• **What needs to be done**
In the entries below, find the line with "Suave Kids Spider-Man" and the line with "A Karamojong pastoralist". Return those two lines and all lines between them, exactly.

START Material for this exercise

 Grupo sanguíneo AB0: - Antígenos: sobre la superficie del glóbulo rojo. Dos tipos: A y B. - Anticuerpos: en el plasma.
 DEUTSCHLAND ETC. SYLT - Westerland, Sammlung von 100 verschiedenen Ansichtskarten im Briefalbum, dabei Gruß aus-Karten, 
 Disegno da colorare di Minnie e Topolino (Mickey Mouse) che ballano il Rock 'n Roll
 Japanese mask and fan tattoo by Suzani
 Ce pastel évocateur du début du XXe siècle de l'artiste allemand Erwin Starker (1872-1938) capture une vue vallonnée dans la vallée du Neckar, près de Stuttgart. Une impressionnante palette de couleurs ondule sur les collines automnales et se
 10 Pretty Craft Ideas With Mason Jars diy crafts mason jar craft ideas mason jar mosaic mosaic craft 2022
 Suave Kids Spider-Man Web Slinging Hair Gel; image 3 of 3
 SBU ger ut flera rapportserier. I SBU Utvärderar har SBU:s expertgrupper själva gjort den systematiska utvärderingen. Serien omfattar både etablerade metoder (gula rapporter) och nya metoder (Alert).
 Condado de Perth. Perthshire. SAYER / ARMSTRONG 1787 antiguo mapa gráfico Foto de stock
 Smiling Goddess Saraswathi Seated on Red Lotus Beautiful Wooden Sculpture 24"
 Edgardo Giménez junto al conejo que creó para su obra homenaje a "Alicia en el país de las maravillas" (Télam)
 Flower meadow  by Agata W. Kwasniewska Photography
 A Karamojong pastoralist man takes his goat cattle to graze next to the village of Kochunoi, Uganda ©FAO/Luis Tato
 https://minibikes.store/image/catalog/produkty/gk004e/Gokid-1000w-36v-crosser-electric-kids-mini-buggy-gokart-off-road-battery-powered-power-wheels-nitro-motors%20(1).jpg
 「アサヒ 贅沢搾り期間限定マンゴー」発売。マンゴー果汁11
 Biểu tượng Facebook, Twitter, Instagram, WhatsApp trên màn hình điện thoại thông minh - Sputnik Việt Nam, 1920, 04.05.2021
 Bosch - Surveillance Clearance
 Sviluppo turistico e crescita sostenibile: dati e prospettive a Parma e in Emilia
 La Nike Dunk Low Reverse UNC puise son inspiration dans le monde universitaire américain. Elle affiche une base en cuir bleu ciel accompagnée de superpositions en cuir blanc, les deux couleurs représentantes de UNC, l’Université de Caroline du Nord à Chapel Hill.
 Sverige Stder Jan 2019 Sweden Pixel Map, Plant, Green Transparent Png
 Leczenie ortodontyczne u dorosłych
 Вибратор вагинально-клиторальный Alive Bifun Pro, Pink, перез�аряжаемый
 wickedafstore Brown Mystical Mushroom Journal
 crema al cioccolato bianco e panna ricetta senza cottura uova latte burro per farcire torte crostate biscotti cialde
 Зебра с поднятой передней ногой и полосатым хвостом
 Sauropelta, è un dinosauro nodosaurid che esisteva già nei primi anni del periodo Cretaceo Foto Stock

END Material for this exercise

• **Expected answer**
 Suave Kids Spider-Man Web Slinging Hair Gel; image 3 of 3
 SBU ger ut flera rapportserier. I SBU Utvärderar har SBU:s expertgrupper själva gjort den systematiska utvärderingen. Serien omfattar både etablerade metoder (gula rapporter) och nya metoder (Alert).
 Condado de Perth. Perthshire. SAYER / ARMSTRONG 1787 antiguo mapa gráfico Foto de stock
 Smiling Goddess Saraswathi Seated on Red Lotus Beautiful Wooden Sculpture 24"
 Edgardo Giménez junto al conejo que creó para su obra homenaje a "Alicia en el país de las maravillas" (Télam)
 Flower meadow  by Agata W. Kwasniewska Photography
 A Karamojong pastoralist man takes his goat cattle to graze next to the village of Kochunoi, Uganda ©FAO/Luis Tato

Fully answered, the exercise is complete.